Critics will say that the Spice Girls, a group of 20-something young women thrown together to churn out chart-topping hits and sell merchandise are the epitome of consumerist feminism. They were ruled by a management company that squeezed every bit of “I-am-woman-hear-me-roar” spirit from their lyrics, their personalities, and their personal beliefs and distilled it for profit. They’re not wrong.
When the group was at its height in the late ’90s, they were considered the most famous girl group of all time. They were selling millions of records per year, making films, winning awards, accepting sponsorships, meeting Nelson f*cking Mandela. Their name was uttered in the same sentence as The Beatles for God’s sake. They were successful and, at the time, it was uncommon to see a group of young women take ownership of their bodies, unabashedly share their views, make sticky sweet pop odes to female friendship, and claim to be feminists while making a buck. They didn’t fit into neat boxes. They weren’t Riot Grrrls, punk rockers who tackled serious issues of rape, abuse, racism, and the patriarchy with their underground movement. They weren’t Alanis Morissette, seething with raw anger and disappointment as they sang about being spurned by old lovers.

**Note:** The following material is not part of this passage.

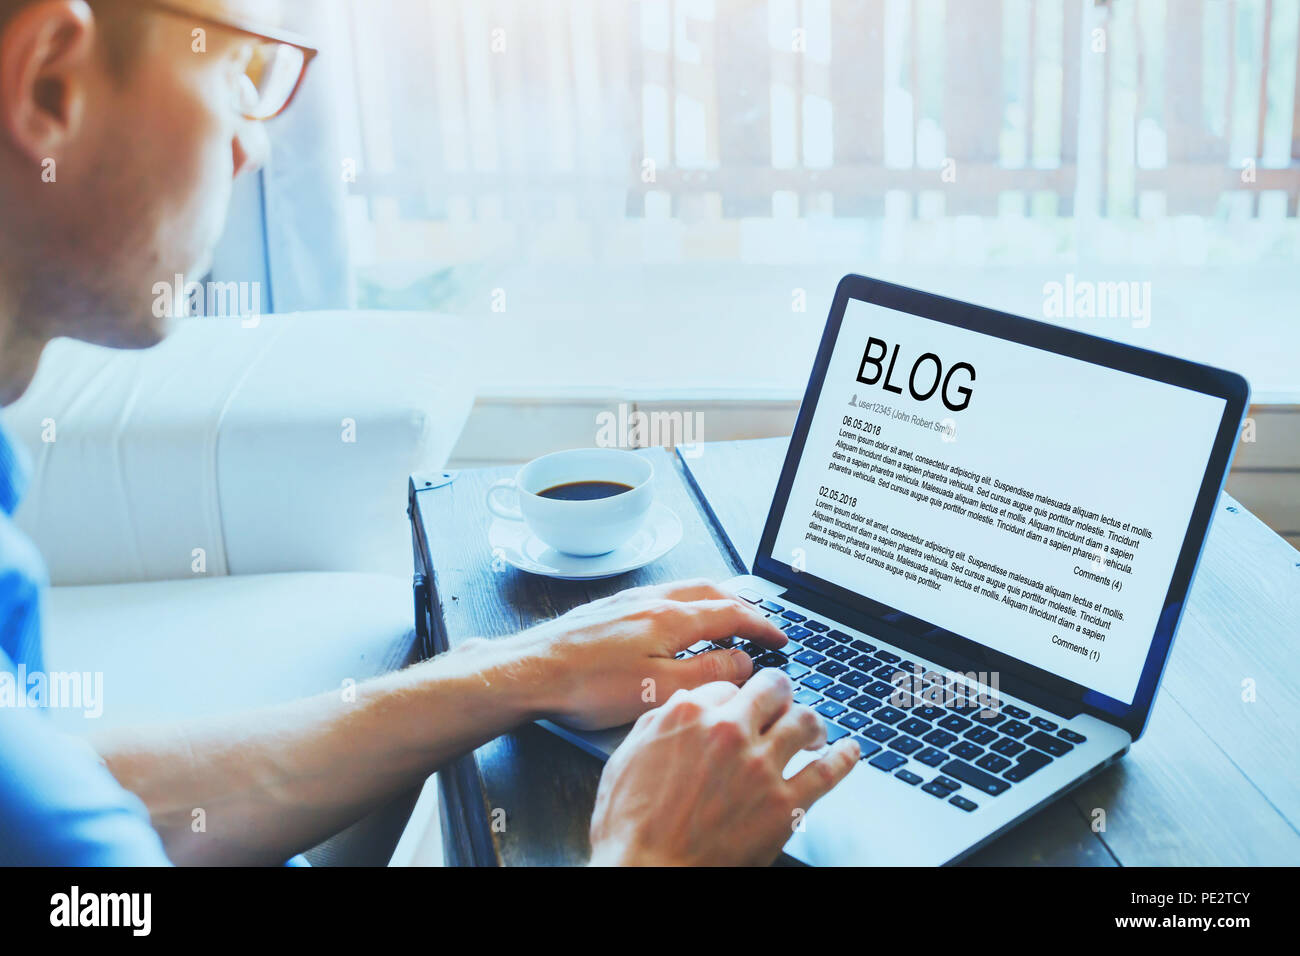 Blog, blogger écrit nouvel article dans l'écran d'ordinateur portable, blogging Banque D'Images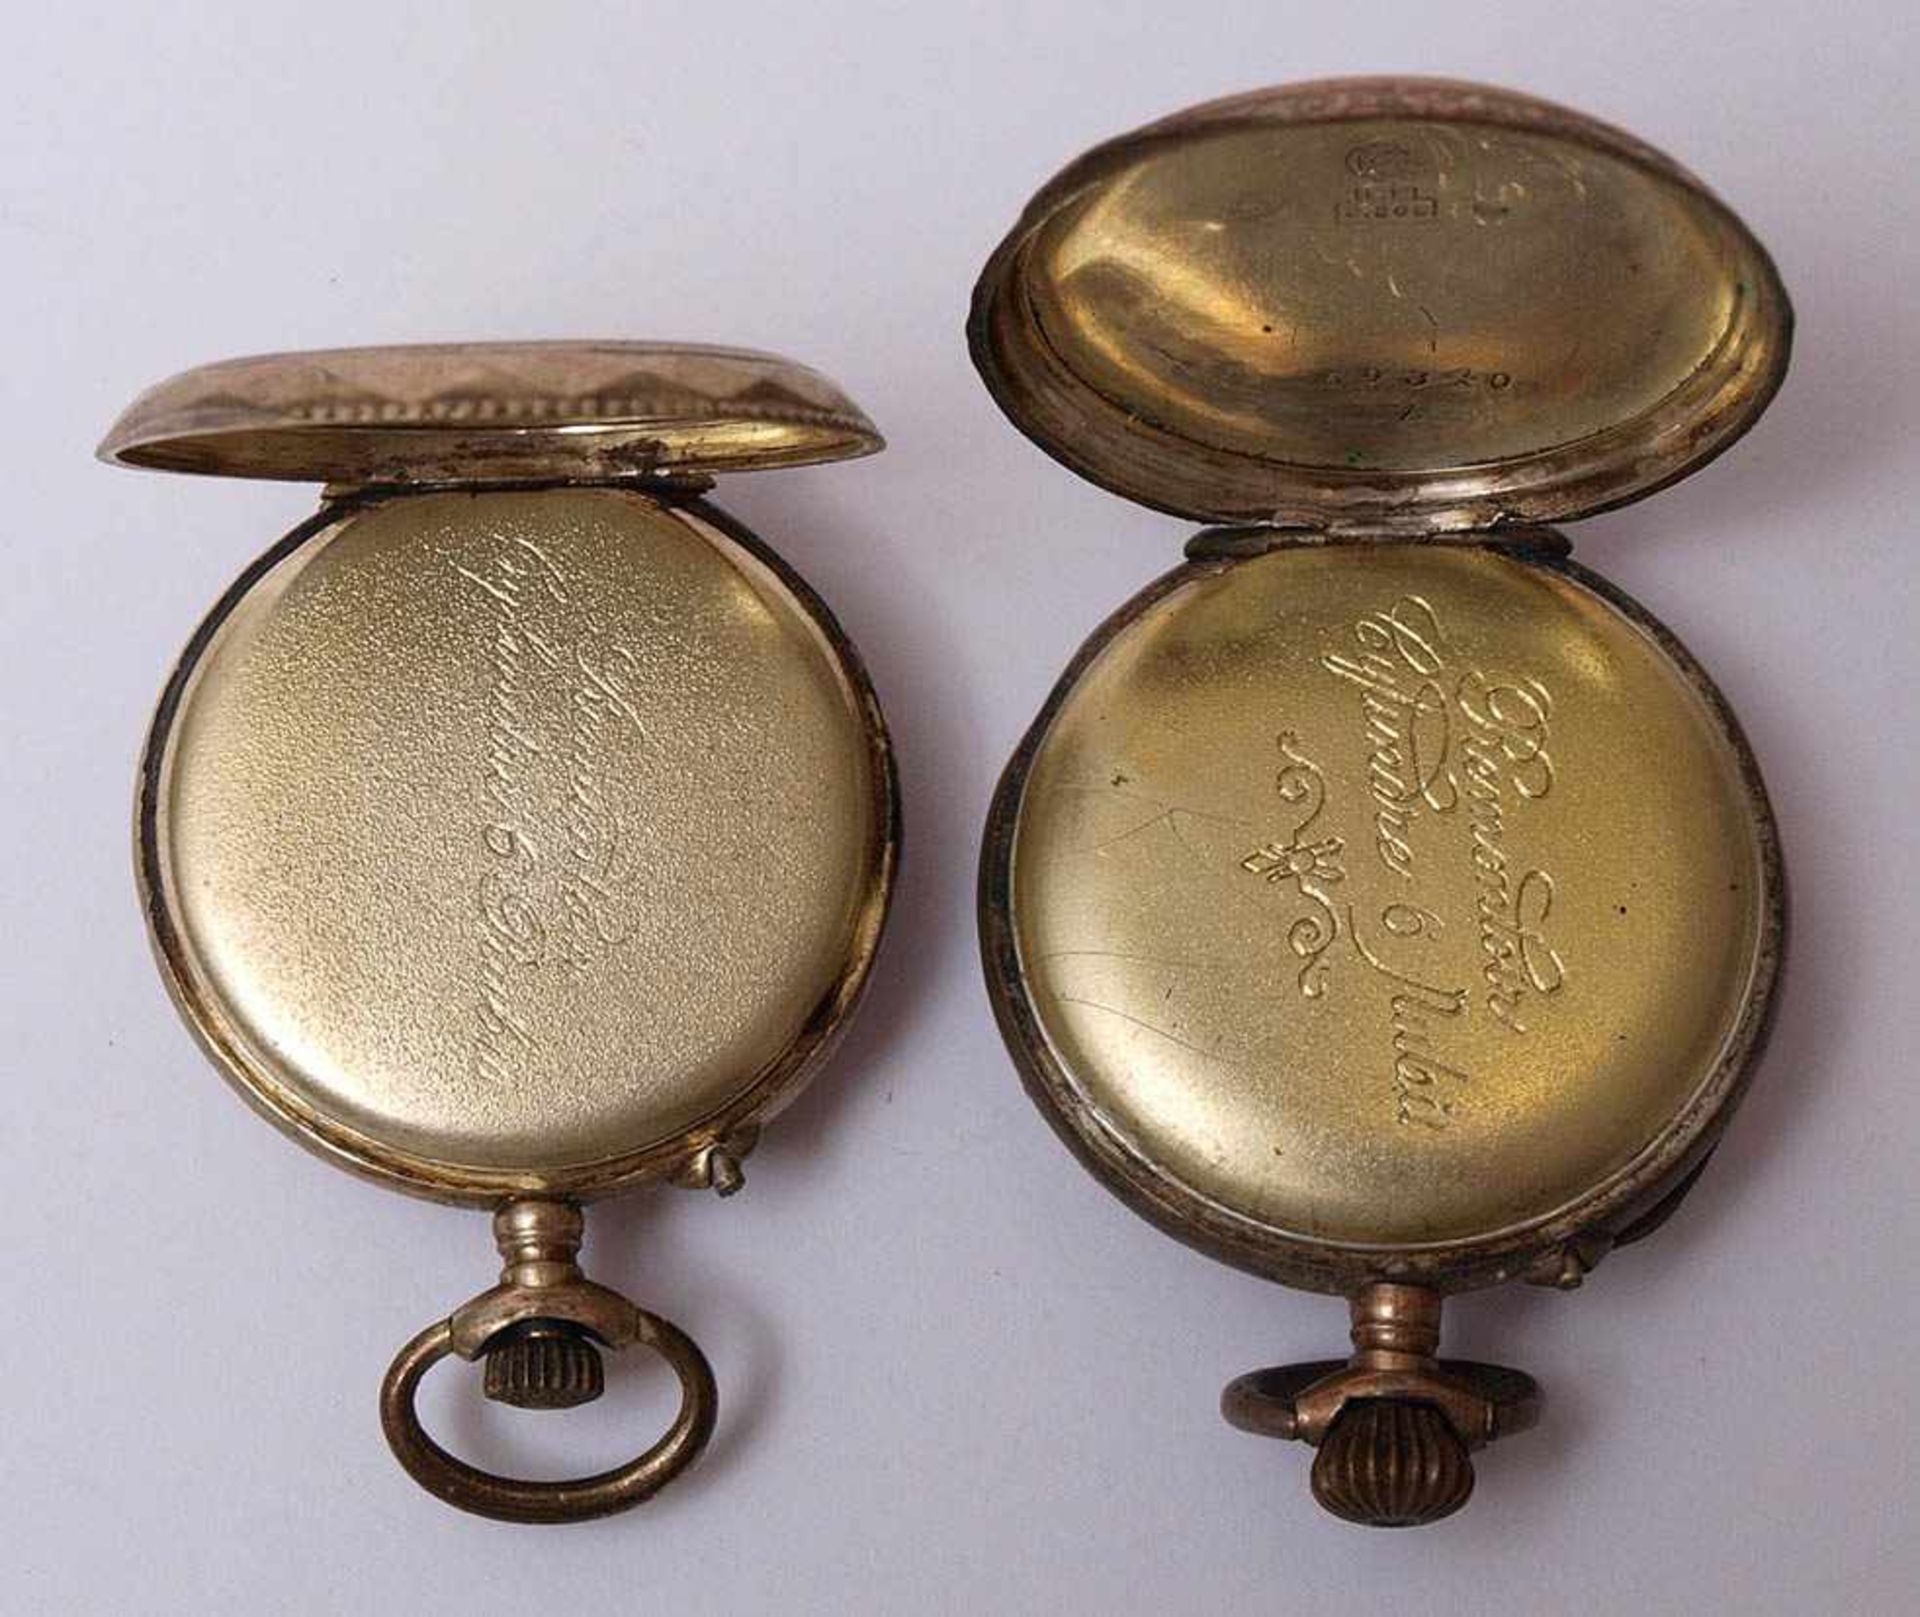 Zwei Damentaschenuhren Rundes Gehäuse aus Silber 800 mit reliefiertem Rand, guillochierter - Bild 3 aus 3

They were five women with eccentric tastes, they donned baby doll dresses with pigtails and tracksuits with ponytails and jungle prints with bold Afros. They liked makeup, they were athletic, they were articulate, they could wear the f*ck out of a pair of high heels, and they apologized to no one for not conforming to what a feminist was thought to be.
They weren’t writing manifestos or vagina monologues or explicitly advocating for a woman’s right to an abortion, but they were reaching an audience of impressionable young women and introducing them to ideas that had long vanished from mainstream media. And just because it was mainstream, condensed and packaged and sold for profit doesn’t mean it wasn’t valuable to the movement or that somehow, after decades away from the spotlight, the Spice Girls are now irrelevant; worse, harmful to this new #MeToo era.
Later, Buffy and Missy Elliot and Hermione Granger and Daria would come along and introduce me to new styles of feminism — TV heroines that kicked ass and were book-smart, female rappers with something more to sing about than just money and women — but before that there were the Spice Girls. I’d like to believe that what they did for me — giving me an outlet, a rallying cry, and an example of how to embrace my feminism and enjoy discovering who I was, who I wanted to be — is the same thing they did for plenty of other girls too. As an adult, I can look back and spot flaws, but as a kid in a bubble, who felt out of place and misunderstood, I just saw validation and acceptance. I saw women who knew me. Who believed me.
That’s why we need the Spice Girls again. No matter how tainted this reunion tour might be by more commercialism and capitalism and critics piling on their cynicism, we need the Spice Girls to remind us why we started #MeToo and #TimesUp, why we march and protest and retweet in the first place.
Sisterhood. Solidarity. The belief that girl power can change the world.